<<<<

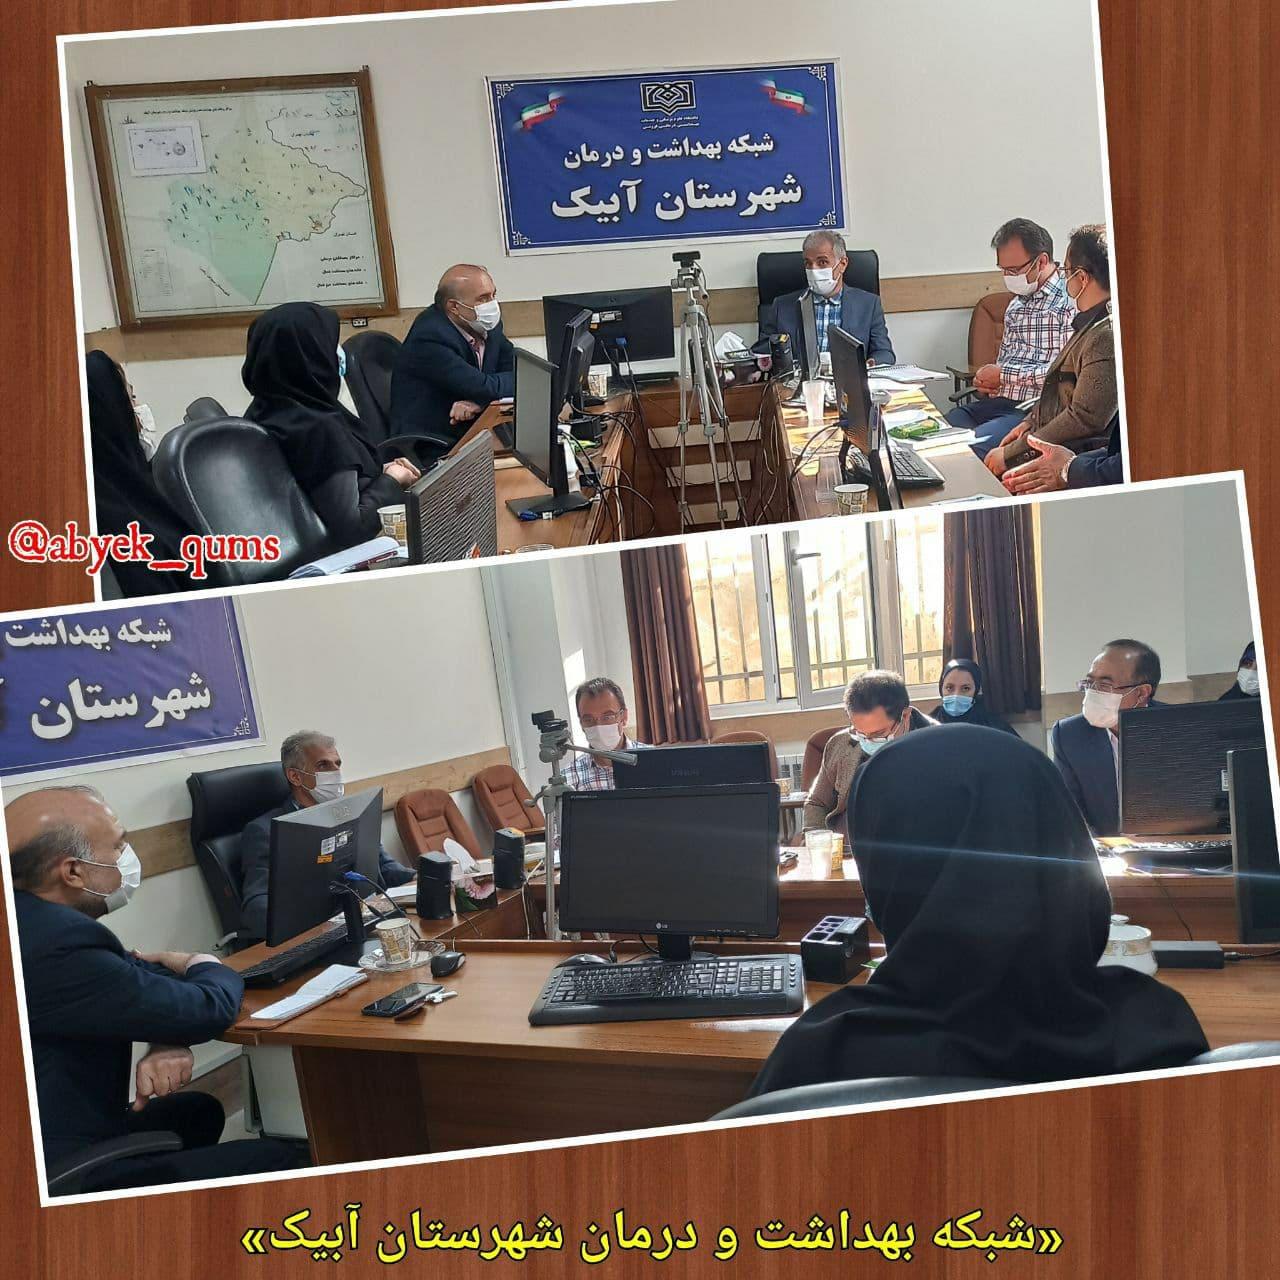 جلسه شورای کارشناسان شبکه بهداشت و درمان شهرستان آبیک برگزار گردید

>>>>
<<<<

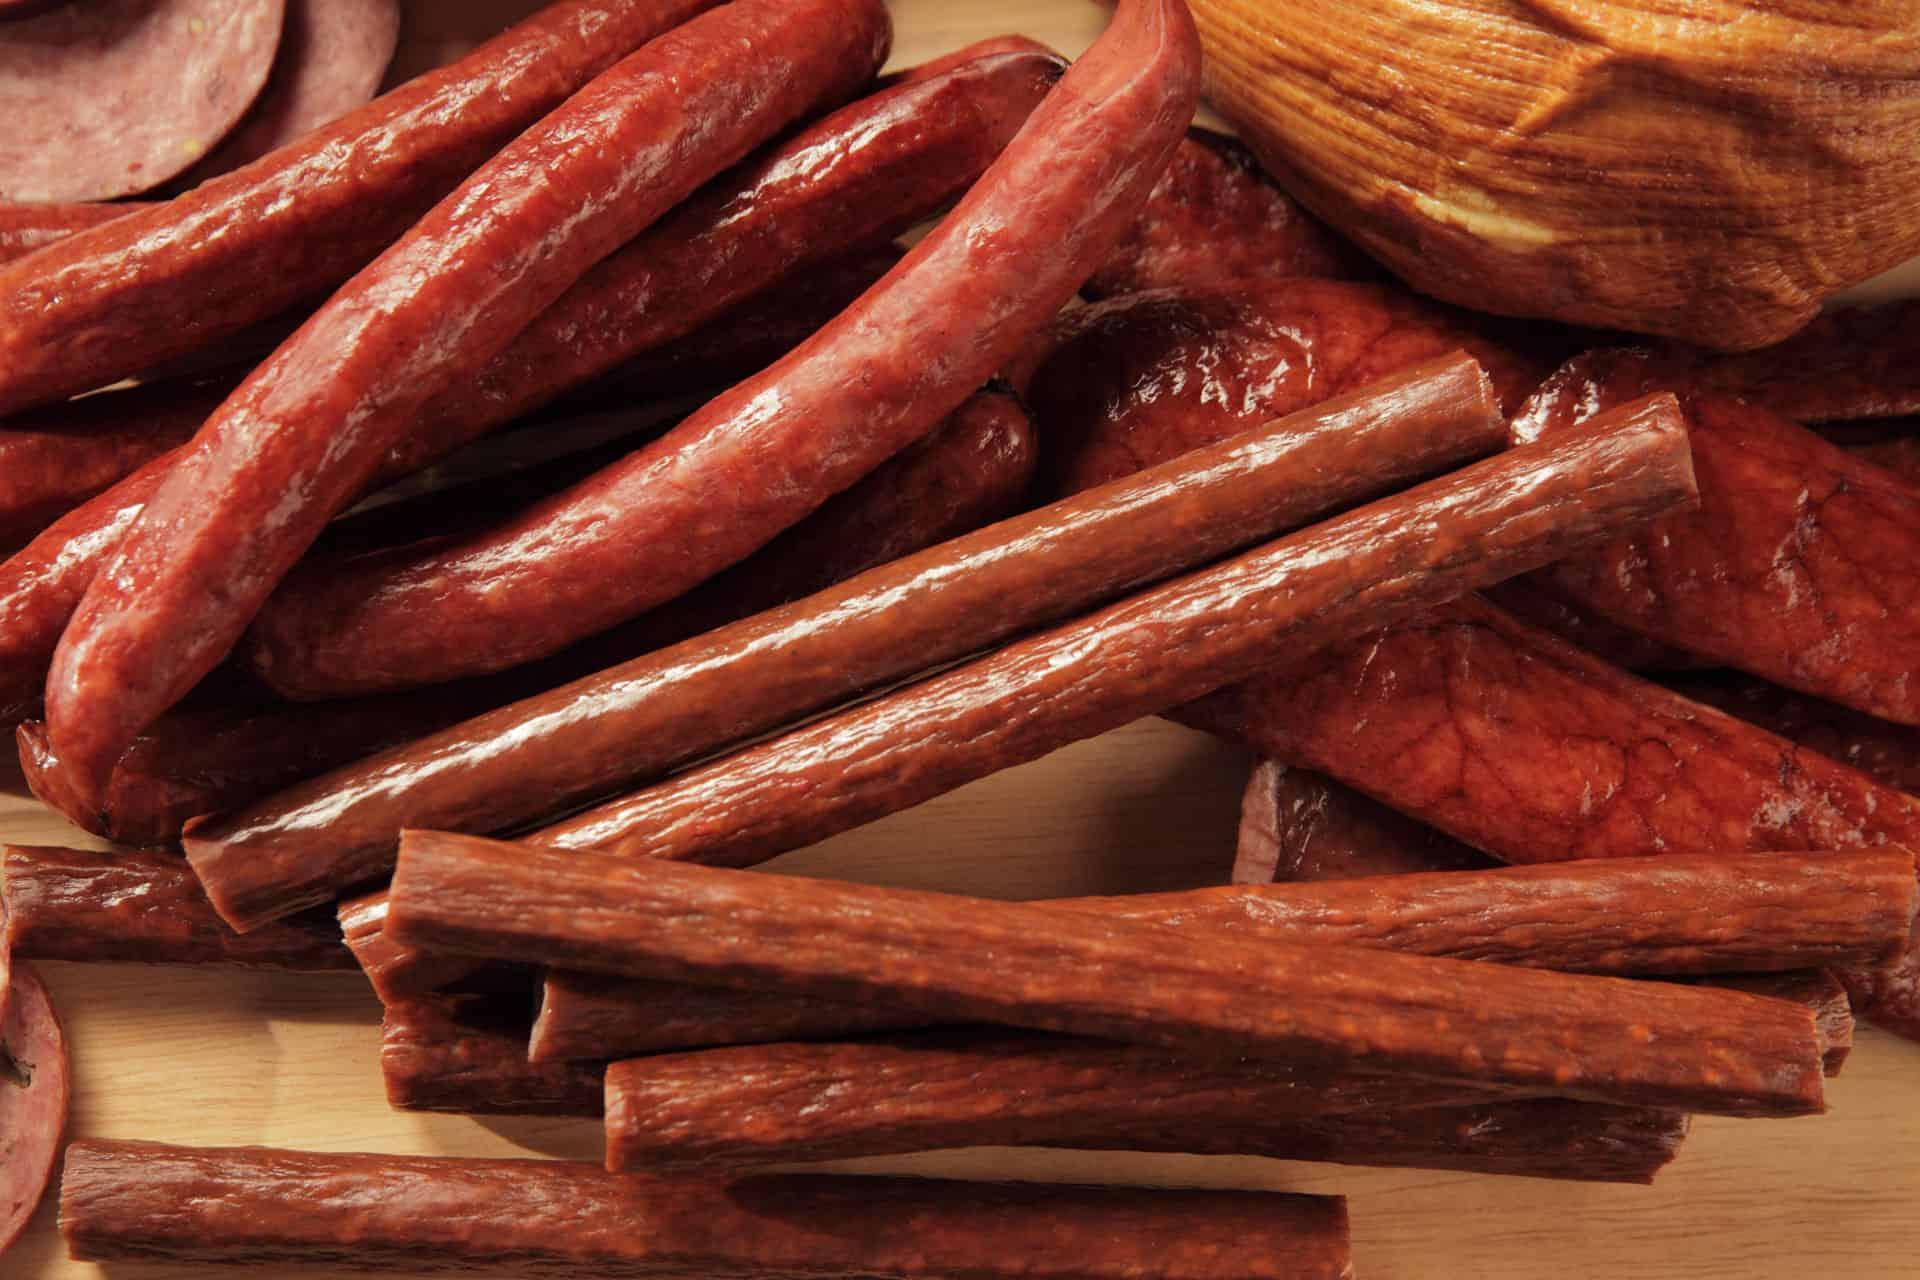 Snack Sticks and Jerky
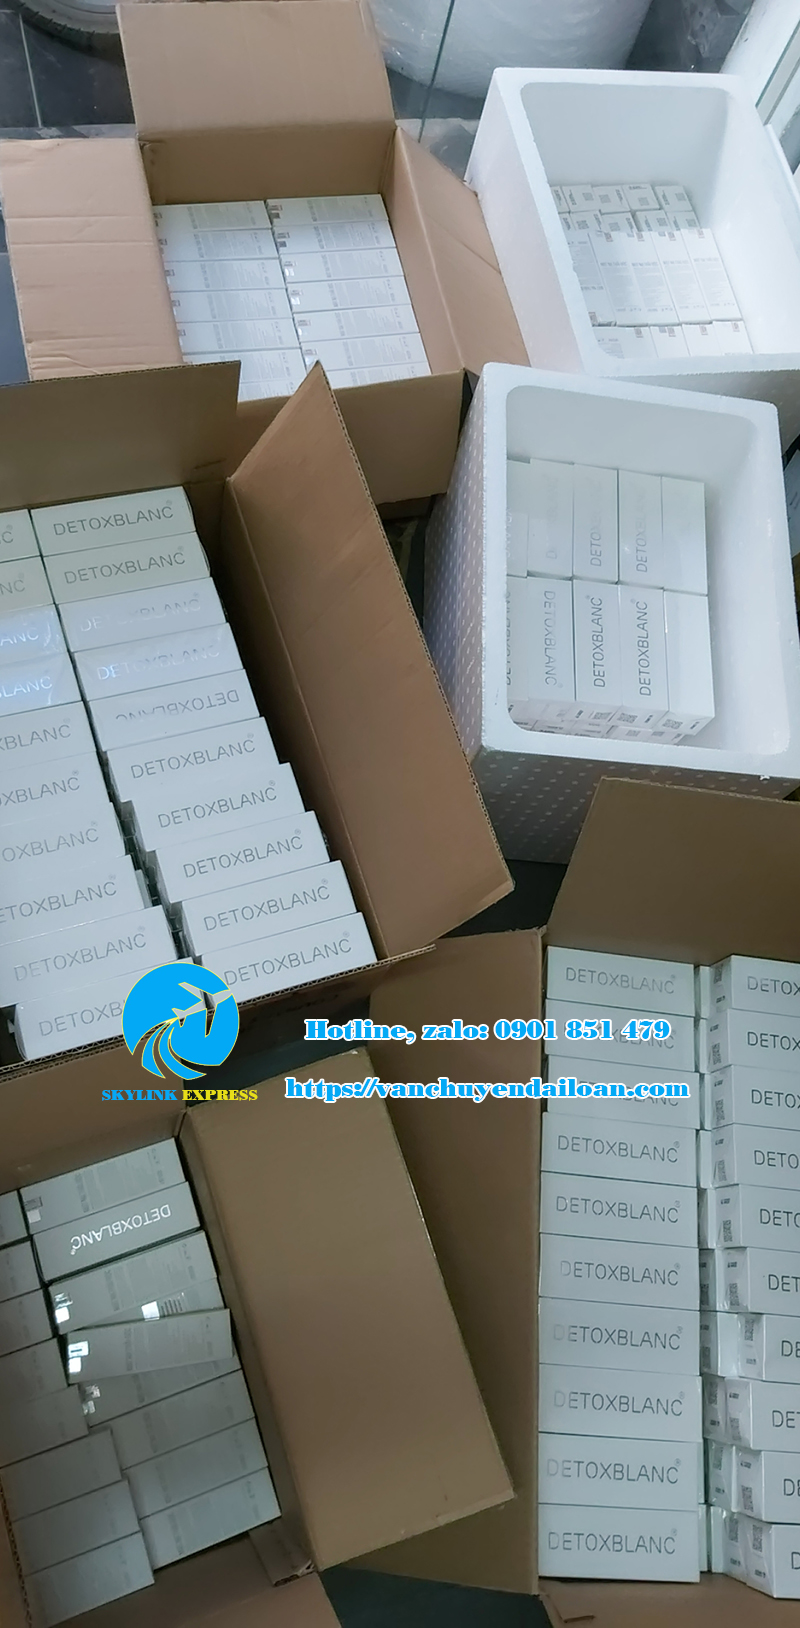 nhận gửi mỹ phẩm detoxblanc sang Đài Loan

>>>>

● TASK OBJECTIVE
Write out the lines above from the one with "Snack Sticks and Jerky" through the one with "nhận gửi mỹ phẩm detoxblanc sang Đài Loan", ends included, exactly; no picture goes in.

● ANSWER TO THIS EXERCISE
 Snack Sticks and Jerky
 nhận gửi mỹ phẩm detoxblanc sang Đài Loan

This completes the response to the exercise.